方針① 市場や事業環境に応じたイノベーションの戦略策定・遂行

一つ目は、イノベーションのモデルを顧客価値と技術を軸とした4つのイノベーション領域に分類し、各領域のビジネスモデルに合致した戦略を遂行することです。私たちはそれぞれのイノベーション領域を、①新用途開拓領域、②次世代製品開発領域、③フロンティア領域、④既存事業活動領域、と呼んでいます。
 新用途開拓領域では、既存の技術や製品を柔軟に組み合わせることで、複雑化・高度化する顧客課題に対して迅速にソリューションを提供します。ここでは、製品単位ではなく市場単位でニーズを捉え、複数の技術や製品を横断的に活用することが求められます。スピードと柔軟性が鍵となるこの領域では、社内の技術プラットフォームや製品を有機的につなぎ、顧客価値を最大化することをめざします。
 次世代製品開発領域では、注力事業領域における将来ニーズと技術トレンド、そして当社ならではの技術の強みを踏まえて開発ロードマップを策定し、社内および主要顧客と共有した上で中長期的な製品開発を進めます。ここでは、当社の強みである素材設計やプロセス技術を活かしながら、将来の市場要求に先回りする形で技術を磨き上げていきます。

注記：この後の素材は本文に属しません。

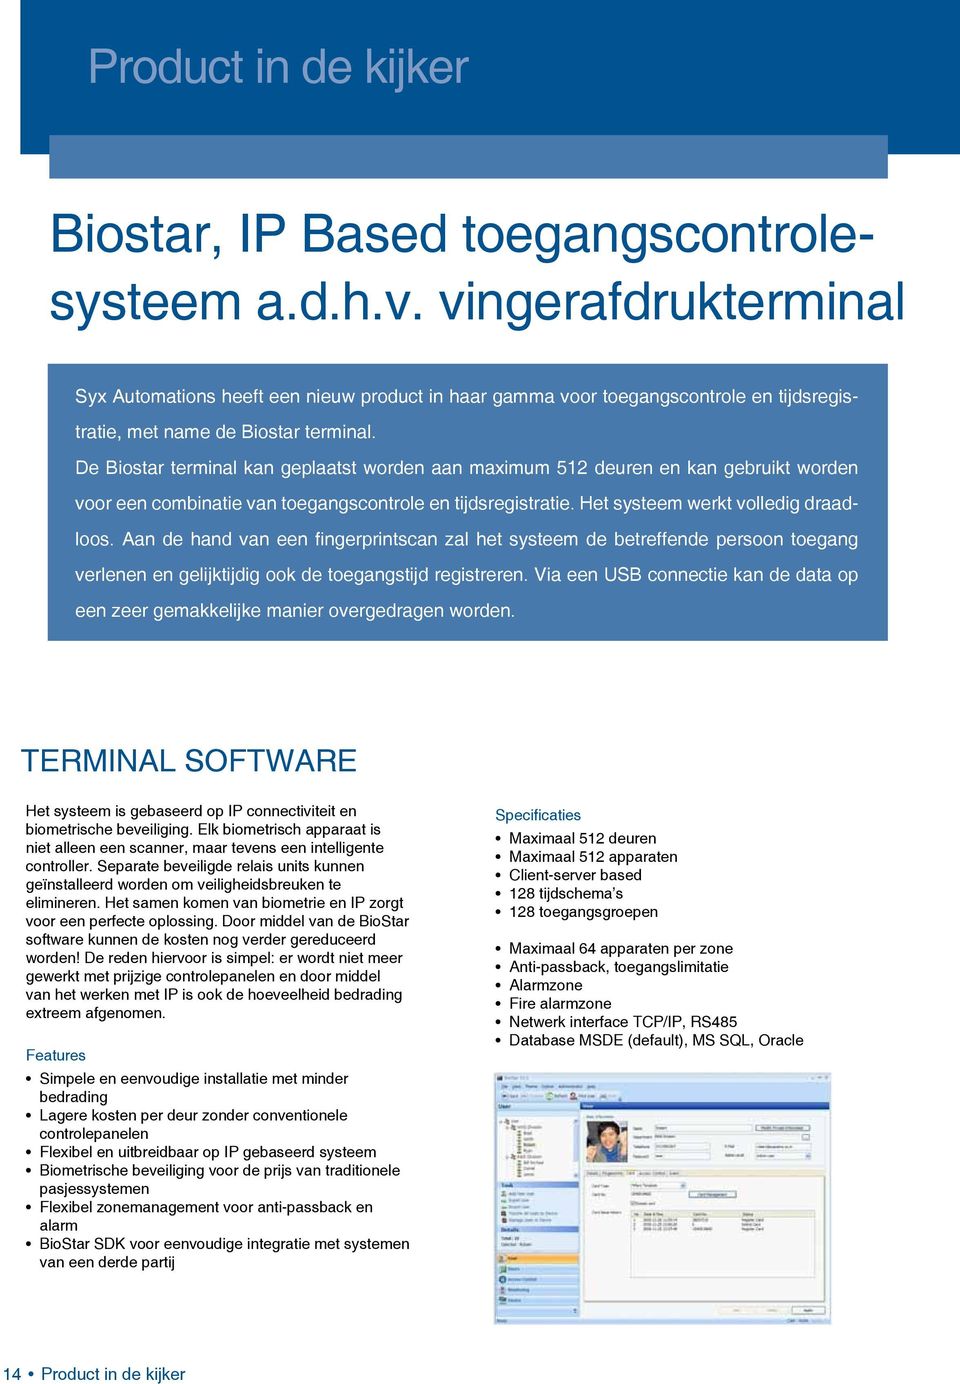 De Biostar terminal kan geplaatst worden aan maximum 512 deuren en kan gebruikt worden voor een combinatie van toegangscontrole en tijdsregistratie. Het systeem werkt volledig draadloos.

市場の変化に応じて柔軟にロードマップを見直し、事業化に向けた道筋が回り道とならないようにすることも重要です。
 フロンティア領域では、まだ市場として萌芽的な段階であり、技術的な確立もこれからという分野に対して、将来の成長可能性を見据えた探索的な取り組みを行います。ここでは、社内の既存資産にとらわれず、社外リソースやスタートアップとの連携を積極的に活用しながら、未知の領域に挑戦していきます。既存事業の延長線上にない価値を見出すことが、この領域の本質です。
 既存事業活動領域では、既存の製品や事業の生産性向上や、安定供給、品質向上を図ります。この領域では、効率性と信頼性を重視した技術開発が中心であり、他の領域とは異なる視点でのアプローチが求められることから、事業側がイニシアチブを取って研究開発を進めています。

方針② 化学業界を牽引するイノベーション人材の育成

二つ目の方針は、課題の本質を見究め、質の高いソリューションを提案できるイノベーション人材の育成です。社会課題の解決に寄与する新しい価値を創出するためには、単なる技術力だけでなく、顧客のニーズを深く理解し、技術を通じて本質的な解決策を導き出す力が必要です。「新製品を世に出すこと」をゴールとするのではなく、何が世の中の課題解決に役立つのかという視点である「ソリューションマインド」を持つことが重要なのです。また、最近目覚ましい進化を遂げている生成AIは、今後のイノベーションや事業活動を大きく左右する存在になりつつあります。こうした状況を踏まえ、研究者にはAIに使われる側になるのではなく、AI を使って意思決定する側になってもらう必要があります。ソリューションに強くコミットするマインドの醸成とデジタルへの習熟、この二つを柱として、化学業界のイノベーションを牽引する人材の育成に力を注いでいきます。
 これら2つの方針を軸に、三菱ケミカルは戦略・技術・人材を融合させ、イノベーションによって世の中の課題解決に役立つソリューションを提供することで、KAITEKIな未来の実現をめざします。